Iwata, Koji; *; *; *; *; *; *
PNC TN9410 97-042, 8 Pages, 1997/03
A design guide for flow-induced vibration of thermometer wells is proposed to prevent the recurrence of the failure of thermometer wells, which was the direct cause of the 1995 sodium leak incident of the secondary main piping of the prototype fast breeder reactor MONJU. As a supplement to the technical standards in force for MONJU, the design guide specifies the methods of evaluation and the design criteria on structural integrity against flow-induced vibration for thermometer wells, which are inserted into pipes of fast breeder reactors.

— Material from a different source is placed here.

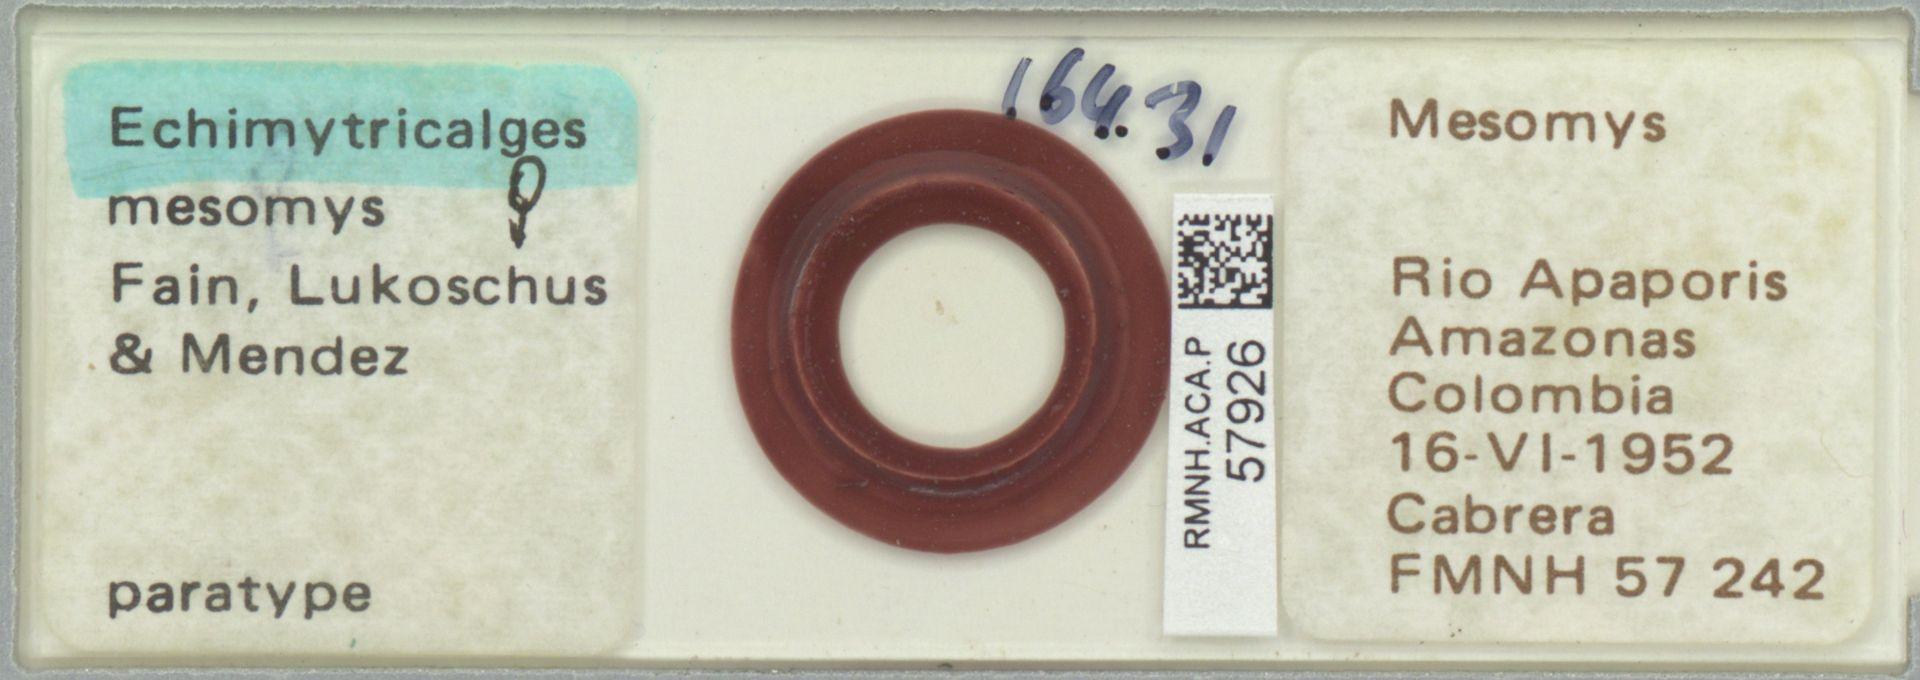 RMNH.ACA.P.57926 | Echimytricalges mesomys Fain, Lukoschus & Mendez

The design guide is a PNC's (Power Reactor and Nuclear Fuel Development Corporation) internal guide for MONJU, which is to be used, with the permission of outside authorities, to confirm the integrity of the existing equipments as well as to make an improved design of thermometer wells. The proposed design guide was prepared by the Special Working Group on Thermometer Design Guide, organized in PNC during the period from May to November, 1996.